The following script will train STL-POS with BERT-base and evaluate its performance on the test set:

python3 stem_cell_hypothesis/en_bert_base/single/pos.py

Multi-Task Learning

The following script will train MTL-5 with BERT-base and evaluate its performance on the test set:

python3 stem_cell_hypothesis/en_bert_base/joint/all.py

Pruning Experiments

The following script will train STL-POS-DP with BERT-base and evaluate its performance on the test set:

python3 stem_cell_hypothesis/en_bert_base/gate/pos.py

You can monitor the pruning process in real time via tensorboard:

tensorboard --logdir=data/model/mtl/ontonotes_bert_base_en/gated/pos/0/runs --samples_per_plugin images=1000

which will show how the heads gradually get claimed in http://localhost:6007/#images:

gates

Once 3 runs are finished, you can visualize the overlap of head utilization across runs via:

python3 stem_cell_hypothesis/en_bert_base/gate/vis_gate_overlap_rgb.py

which will generate the following figure (1a):

Similarly, Figure 1g is generated with stem_cell_hypothesis/en_bert_base/gate/vis_gate_overlap_tasks_gray.py.

15-models-average

Probing Experiments

Once a model is trained, you can probe its representations via the scripts in stem_cell_hypothesis/en_bert_base/head. For example, to probe STL-POS performance, run:

python3 stem_cell_hypothesis/en_bert_base/head/pos.py
python3 stem_cell_hypothesis/en_bert_base/head/vis/pos.py

which generates Figure 4:

pos-probe

You may need to manually change the path and update new results in the scripts.
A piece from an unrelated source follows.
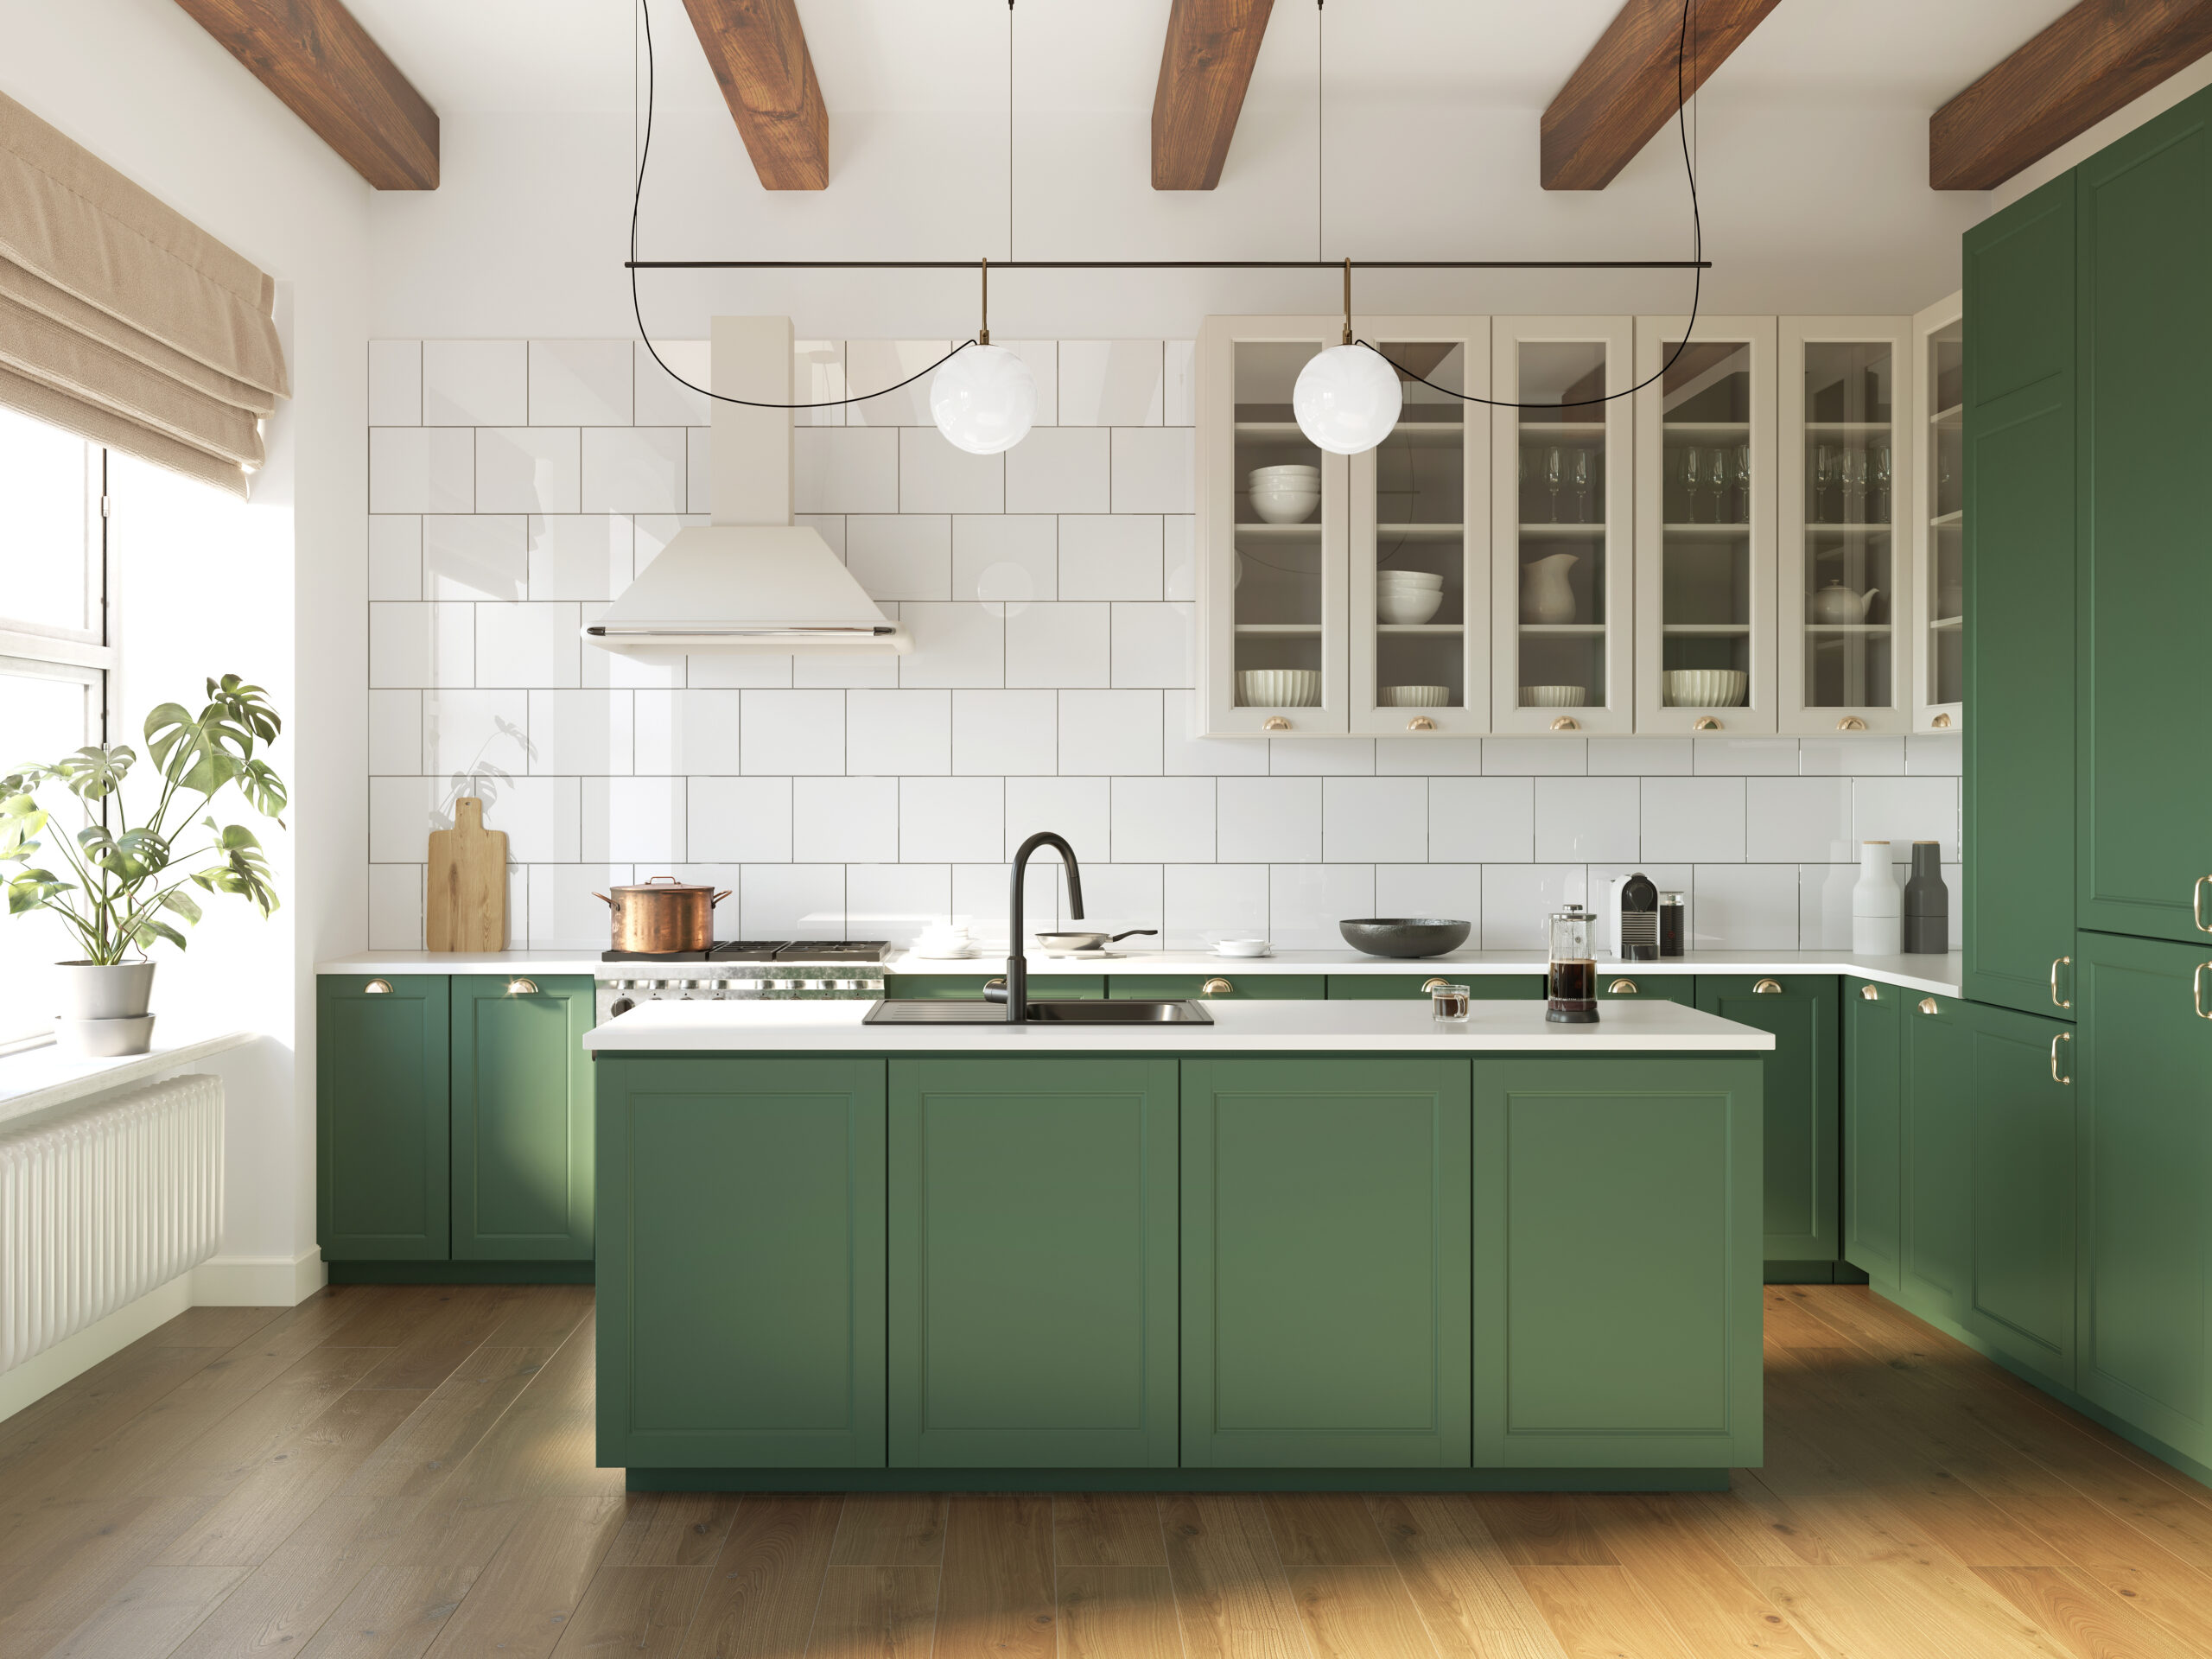 Green cabinets in rustic kitchen

To probe the unsupervised BERT performance for a single task, e.g., SRL, run:

python3 stem_cell_hypothesis/en_bert_base/head/srl_dot.py

which generates Figure 3:

srl-probe-static

Although not included in the paper due to page limitation, experiments of Chinese, BERT-large, ALBERT, etc. are uploaded to stem_cell_hypothesis. Feel free to run them for your interest.

Citation

If you use this repository in your research, please kindly cite our EMNLP2021 paper:

@inproceedings{he-choi-2021-stem,
    title = "The Stem Cell Hypothesis: Dilemma behind Multi-Task Learning with Transformer Encoders",
    author = "He, Han and Choi, Jinho D.",
    booktitle = "Proceedings of the 2021 Conference on Empirical Methods in Natural Language Processing",
    month = nov,
    year = "2021",
    address = "Online and Punta Cana, Dominican Republic",
    publisher = "Association for Computational Linguistics",
    url = "https://aclanthology.org/2021.emnlp-main.451",
    pages = "5555--5577",
    abstract = "Multi-task learning with transformer encoders (MTL) has emerged as a powerful technique to improve performance on closely-related tasks for both accuracy and efficiency while a question still remains whether or not it would perform as well on tasks that are distinct in nature. We first present MTL results on five NLP tasks, POS, NER, DEP, CON, and SRL, and depict its deficiency over single-task learning. We then conduct an extensive pruning analysis to show that a certain set of attention heads get claimed by most tasks during MTL, who interfere with one another to fine-tune those heads for their own objectives. Based on this finding, we propose the Stem Cell Hypothesis to reveal the existence of attention heads naturally talented for many tasks that cannot be jointly trained to create adequate embeddings for all of those tasks. Finally, we design novel parameter-free probes to justify our hypothesis and demonstrate how attention heads are transformed across the five tasks during MTL through label analysis.",
}
You might also like...
Code to reproduce the experiments in the paper
Code to reproduce the experiments in the paper "Transformer Based Multi-Source Domain Adaptation" (EMNLP 2020)

Transformer Based Multi-Source Domain Adaptation Dustin Wright and Isabelle Augenstein To appear in EMNLP 2020. Read the preprint: https://arxiv.org/a

Related resources for our EMNLP 2021 paper Plan-then-Generate: Controlled Data-to-Text Generation via Planning

Plan-then-Generate: Controlled Data-to-Text Generation via Planning Authors: Yixuan Su, David Vandyke, Sihui Wang, Yimai Fang, and Nigel Collier Code

Code for our EMNLP 2021 paper “Heterogeneous Graph Neural Networks for Keyphrase Generation”
Code for our EMNLP 2021 paper “Heterogeneous Graph Neural Networks for Keyphrase Generation”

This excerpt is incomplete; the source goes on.